Except in the present circumstances, the Financial Supervision Commission will withdraw the license issued to the company and if it has not carried out the activity for which it has been licensed for more than 6 months “; if he expressly waives the license issued; if it has not implemented a compulsory administrative measure under this Act, the Public Offering of Securities Act or the acts for their application; if it grossly or systematically violates the provisions of this Act, the Law on Public Offering of Securities, the Law on Measures against Market Abuse with Financial Instruments, Regulation (EU) No 596/2014 of the European Parliament and of the Council of 16 April 2014. on market abuse or the instruments for their implementation. After the entry into force of the decision to withdraw the license to carry out activity as a on the grounds of explicit denial of the license, the company may continue to exist as a public limited company, which is a public company within the meaning of the Public Offering of Securities Act . The Commission shall send the decision of the Registry Agency to delete its object of activity and the designation ” Special Investment Purpose Public Limited Company ” or the abbreviation “SIPPLC”. Special Investment Purpose Companies that are licensed and operate until the amendment enters into force bring their business and assets into line with its requirements within 18 months of their entry into force.
Changing jurisdiction for the convenience of citizens and unloading the capital courts from consumer and insurance disputes foresee the latest changes in the Civil Procedure Code.
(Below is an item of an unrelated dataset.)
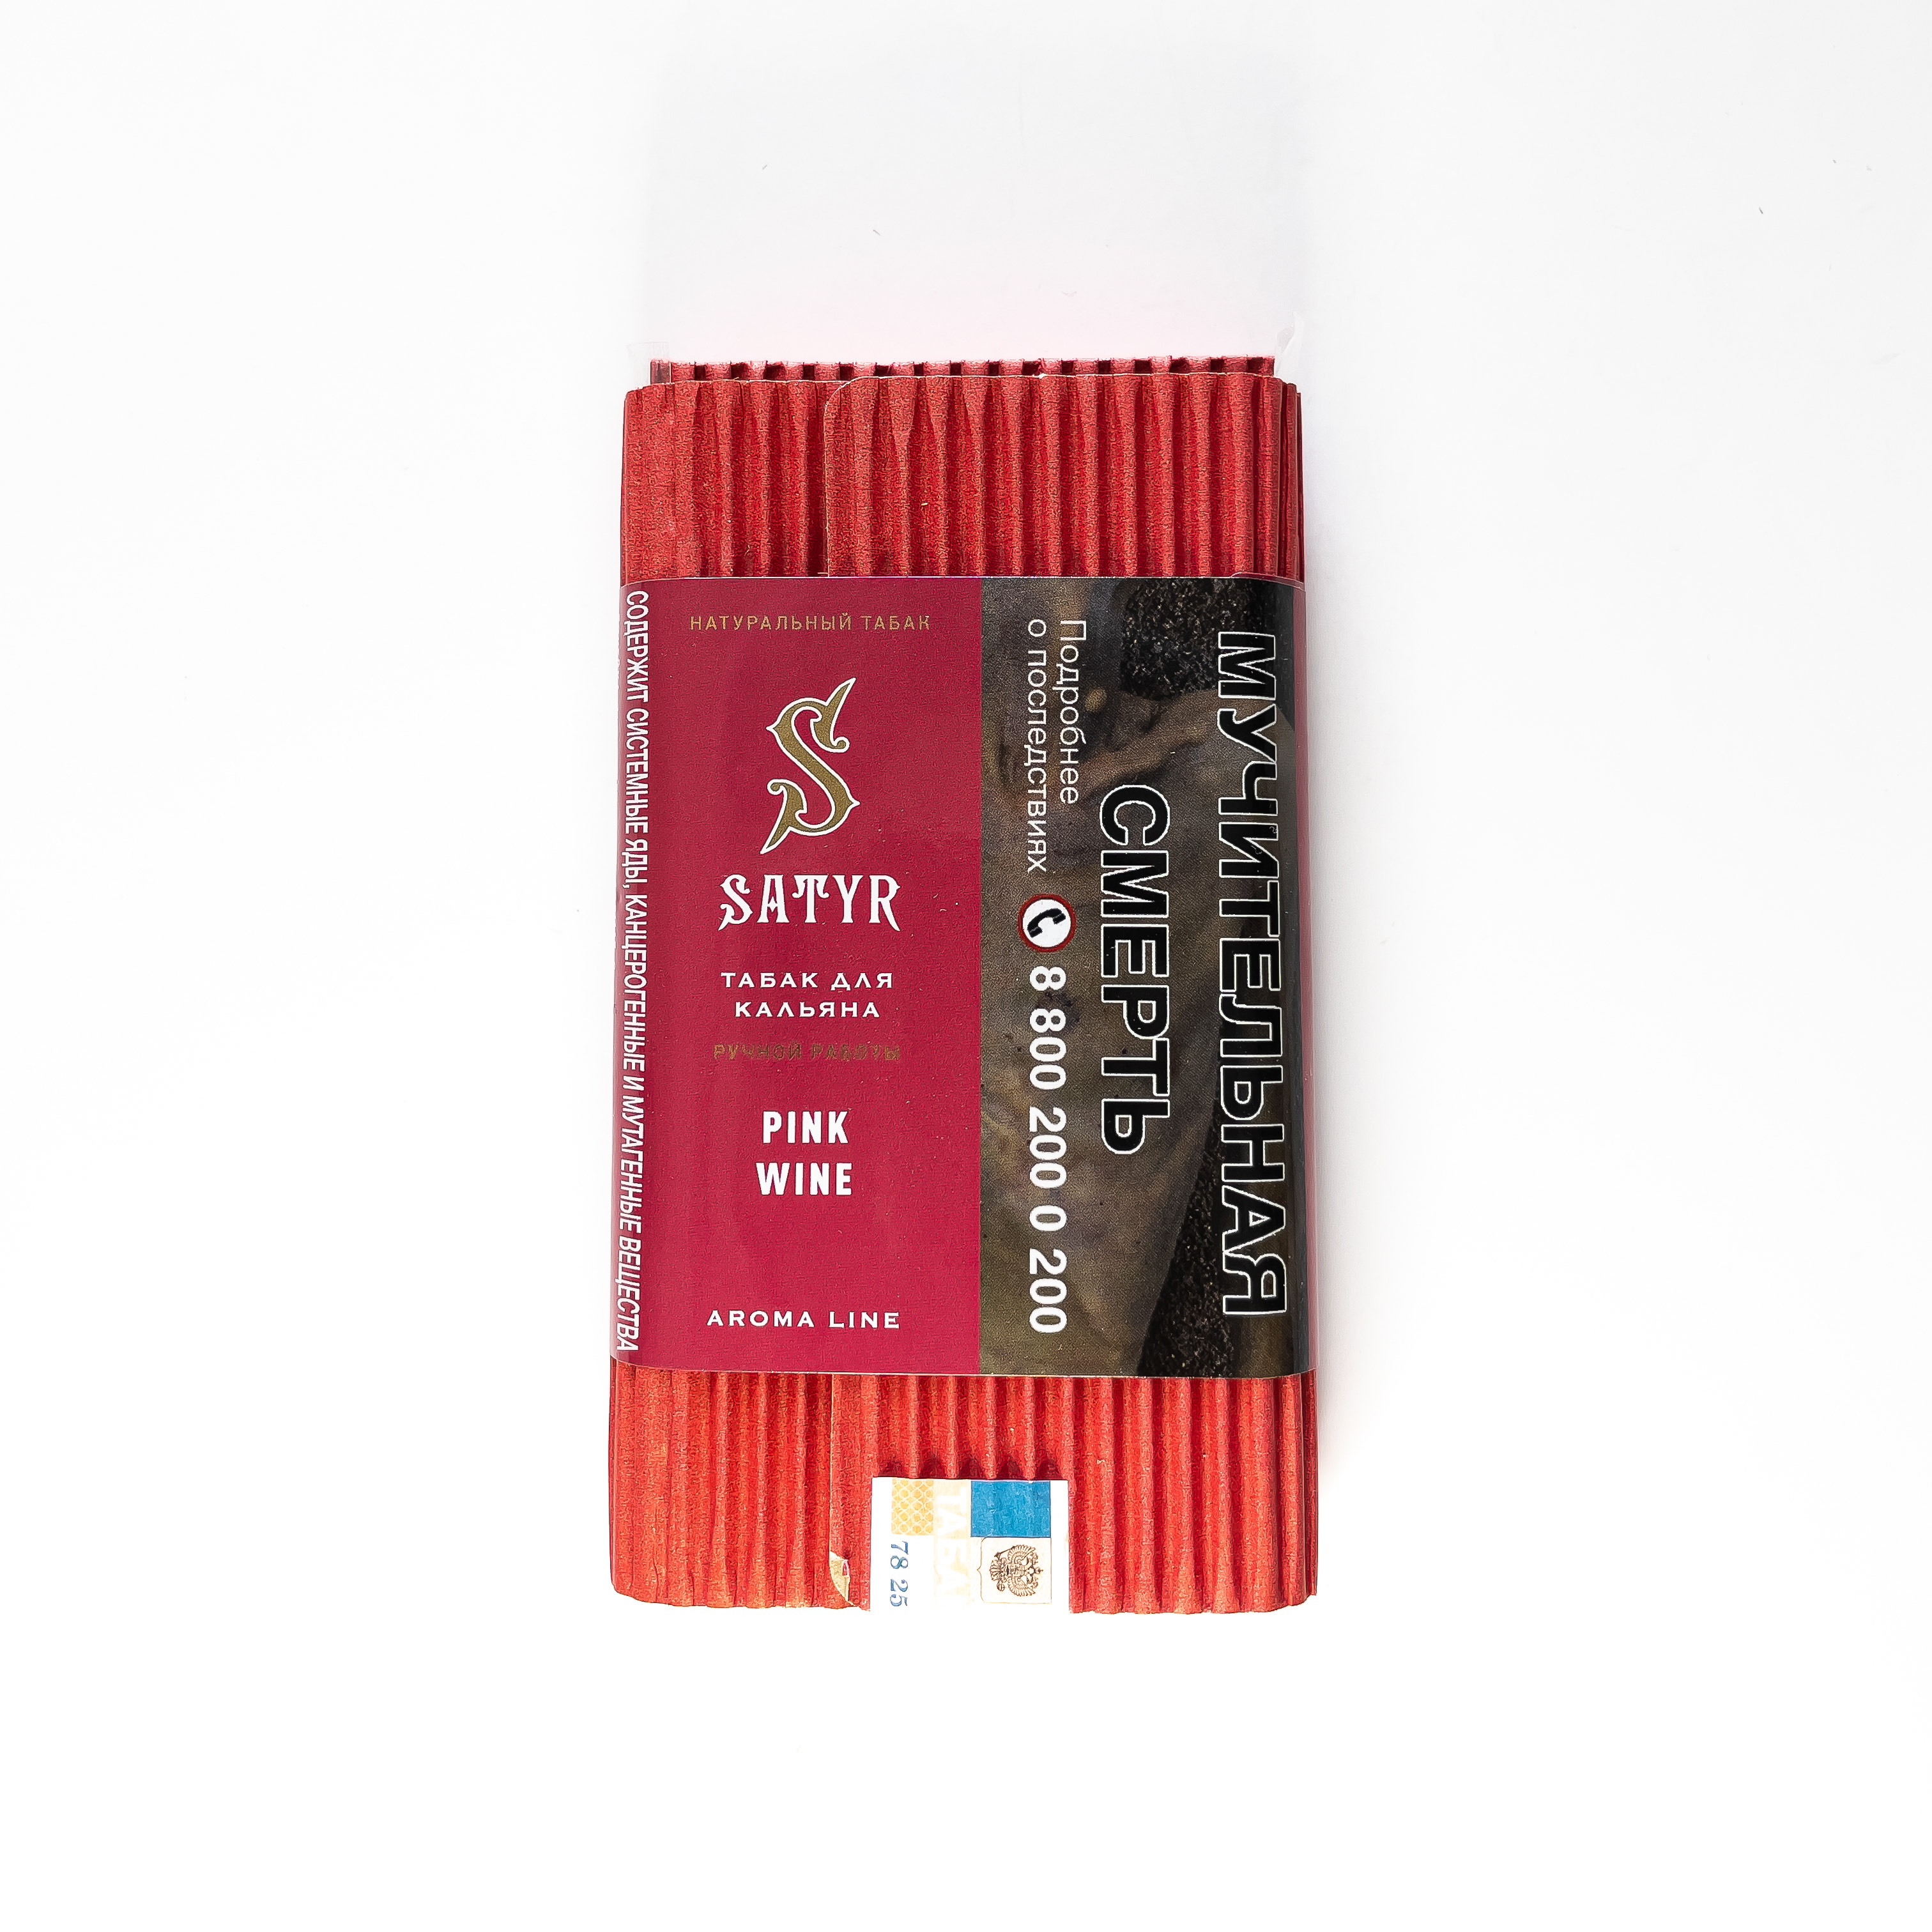 Табак Satyr - PINK WINE - 100 g

Claims to and against users are already brought before the court in whose area the user’s current address is located and, in the absence of a current address, the permanent address. Claims for damages under the Insur- ance Damage Insurance Code against an Insurer, the Guarantee Fund and the National Bureau of Bulgarian Motor Insurers are brought before a court in whose area at the time of the occurrence of the insured event is the current or permanent address of the claimant, seat or place of occurrence of the insured event.
An objection of inappropriateness of the case at the location of the immovable property may be made by the party and raised by the court of its own motion until the first hearing at the first instance, and not until the judicial inquiry has been completed, as it has been so far. An objection of inadmissibility of the case in consumer and insurance disputes as well as in claims against the State and state offices, including branches and branches of the latter, may be made by the defendant at the latest within the time limit for responding to the claim and raised by the court of its own motion until the closure of the first hearing. Judicial proceedings pending the entry into force of the changes are completed under the previous order, regardless of the change of jurisdiction.